Native Peruvian Guillermo Danino reflects on his 40 years in China

World Today

Native Peruvian Guillermo Danino reflects on his 40 years in China

There is not a Peruvian alive who knows China better than Guillermo Danino. The 87-year-old spent nearly four decades in China but returned to Peru in 2013.

In Lima, he tells CGTN’s Dan Collyns how it all began in 1979 as a professor of literature and linguistics. He was invited to teach Spanish to professors in China’s Nanjing University.

“Gradually, I discovered what the people were like and the culture and it fascinated me so much that in spite of the fact that they only invited me for two years I arranged to stay for 35. For two main reasons, first, the type of people that I met, I don’t know if all the Chinese are the same but the people that I met were extraordinary; straightforward, cordial, cooperative, friendly etc. So, that was the first reason, the second is the enormous cultural wealth, it is the oldest culture in the human history,” Guillermo Danino told us.

Danino has written several books about Chinese poetry, history and culture. His life in China took an unexpected turn in 1980 he was invited to play the president of the International Fencing Federation in a movie.

“Did you ever expect traveling to China as an academic to have a career as a cinema actor?” we asked.

“I have my book, here it is, it is called ‘Who am I now’ the experiences of a Peruvian actor in China – and here I have the list of roles I played.
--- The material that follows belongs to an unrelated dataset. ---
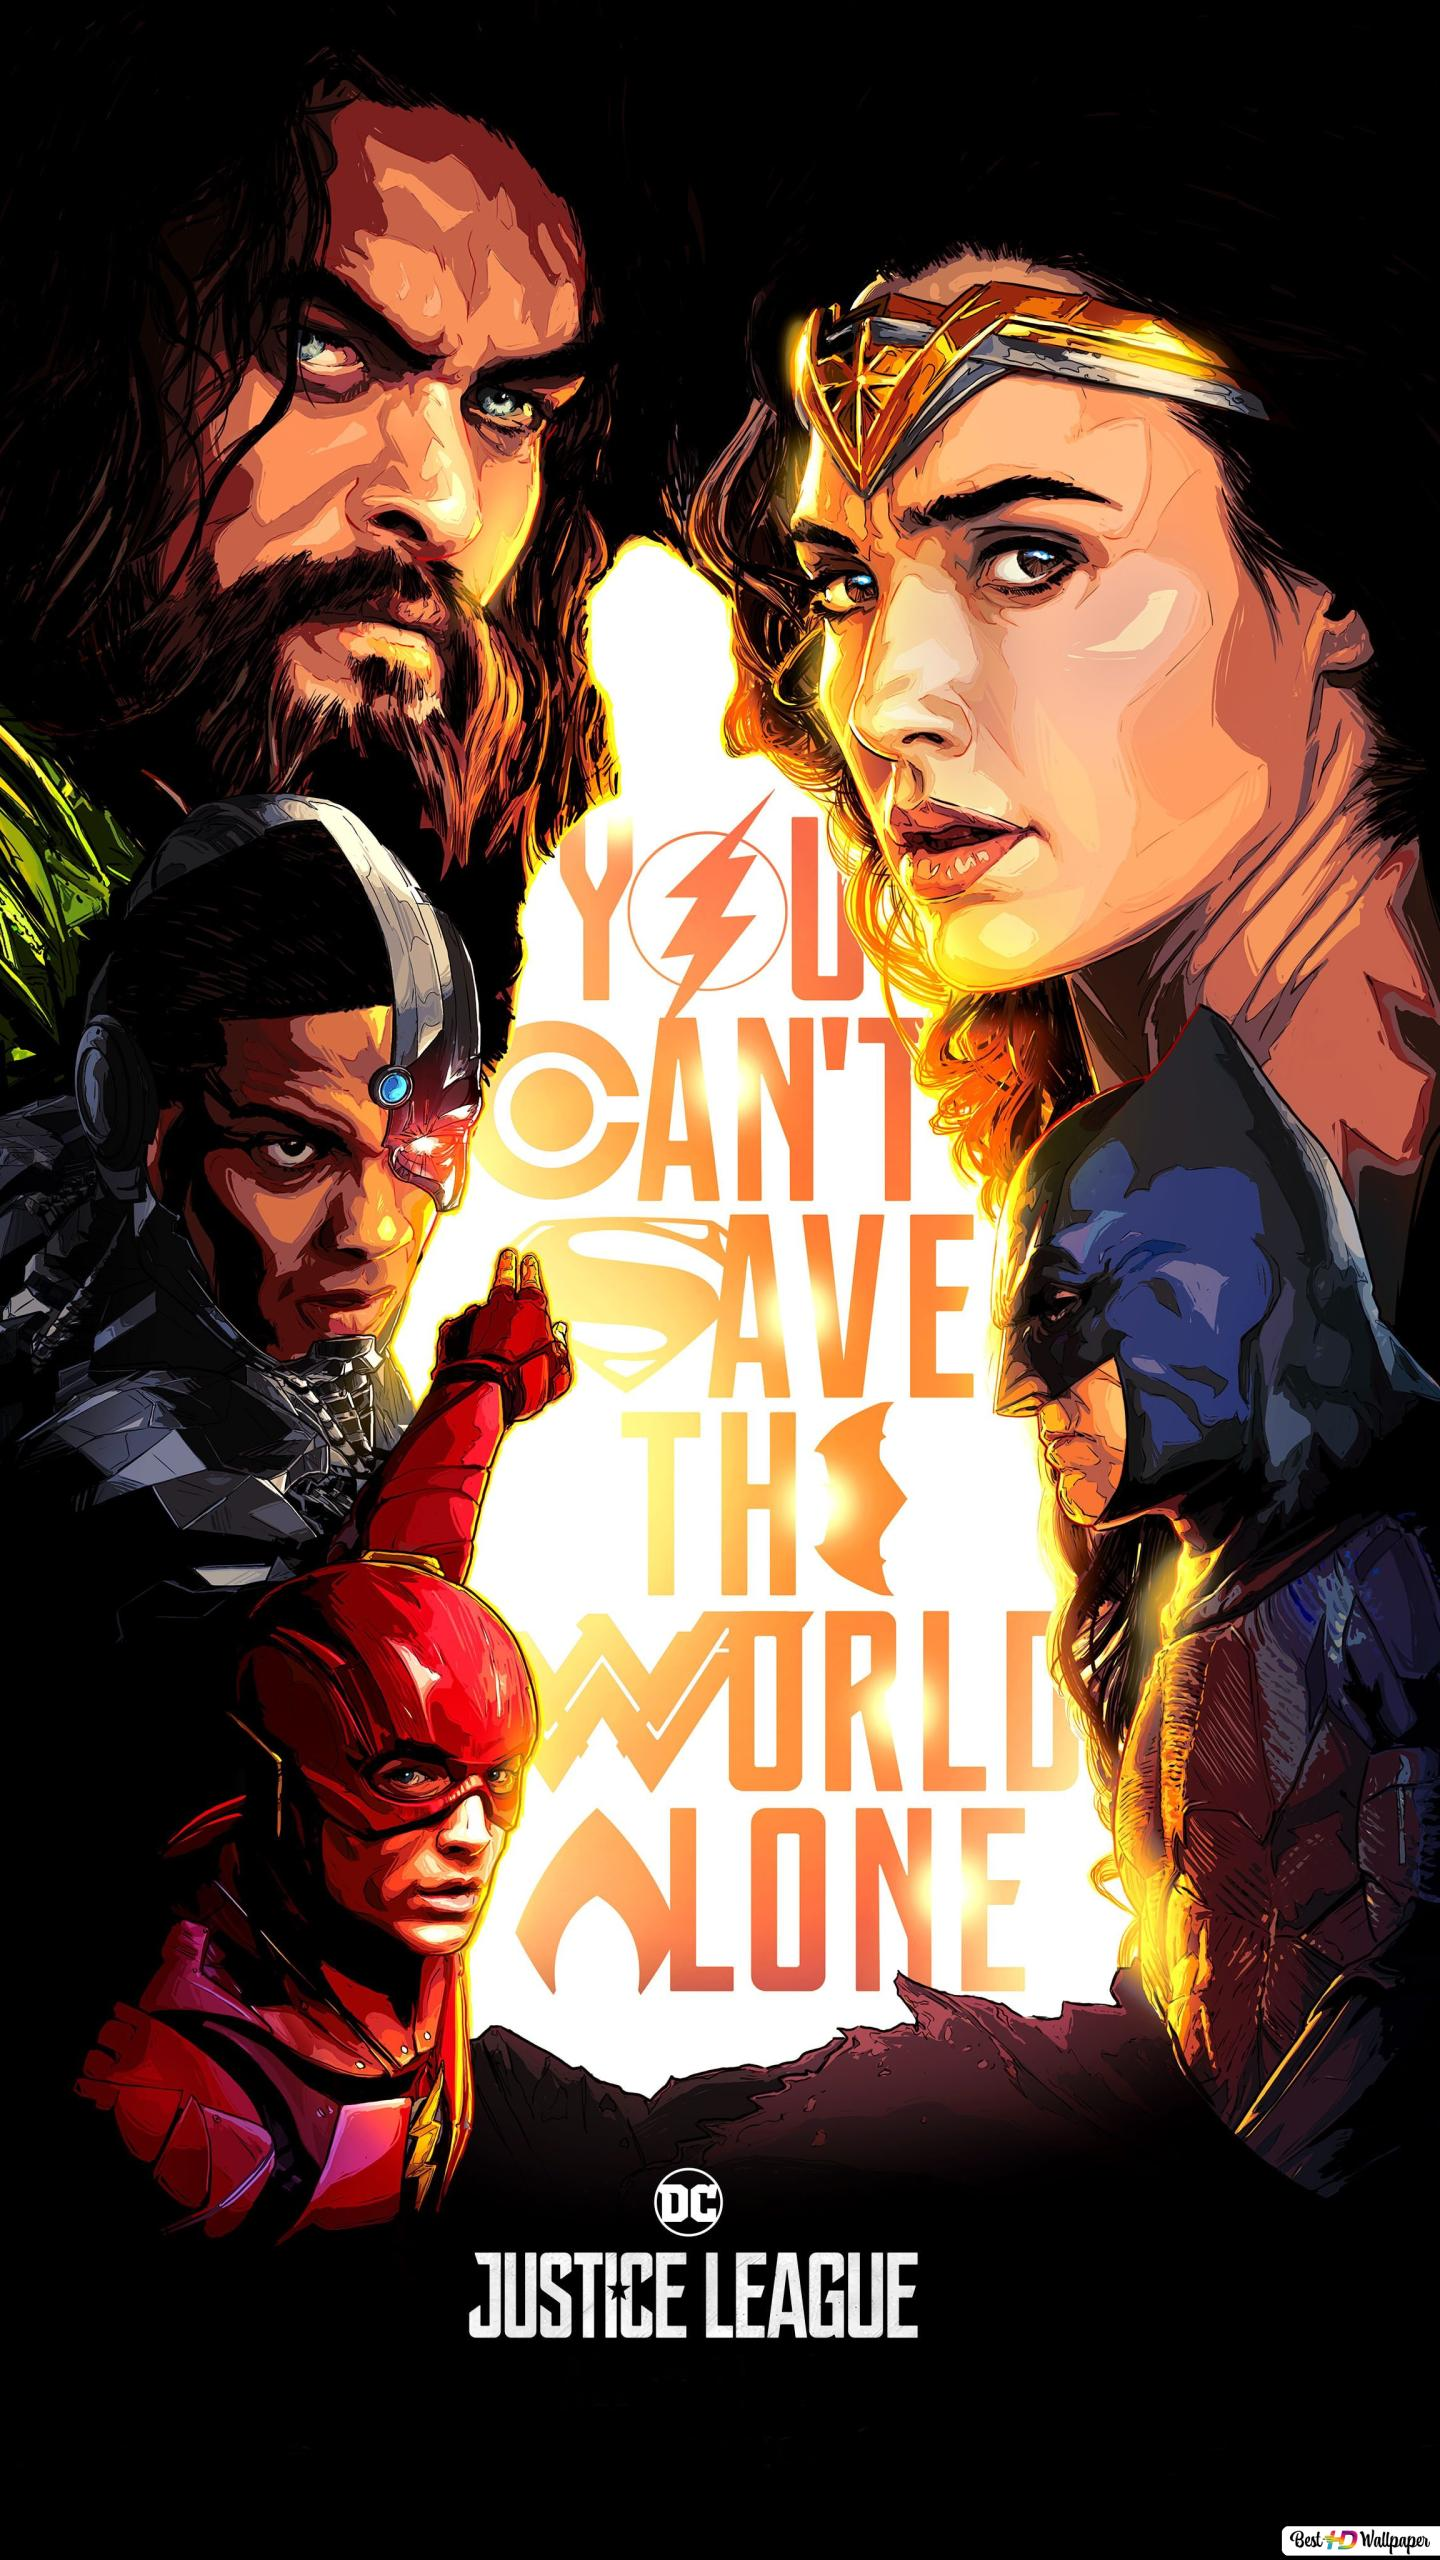 Justice League Movie Comic Heroes Hd Wallpaper Download

I’ve been an ambassador, marshal, an Italian Jesuit, a French missionary, president of the International Fencing Federation, a drug trafficker, a general, a spy, a trader, an air pilot trainer, a doctor, a hotel owner, a journalist, a police officer, a car buyer, a tourist, an extra and myself,” he said.
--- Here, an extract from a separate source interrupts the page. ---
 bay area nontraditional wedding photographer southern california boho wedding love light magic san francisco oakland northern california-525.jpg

Last November, China’s President Xi Jinping paid tribute to him in a speech on an official visit to Peru. We asked him what that meant to him.

“Honestly, when the president mentions you when you least expect it, moreover I personally spoke to him in Chinese, well for me it has been a prize for all my efforts over the years,” he said.

We asked him does he feel more Peruvian or Chinese.

“I have various articles here for example that have been written about my life and in one, in a Chinese magazine in Spanish, it says that I would like to be reincarnated as a Chinese person in order to learn Chinese from childhood because it’s too difficult as an adult,” he answered.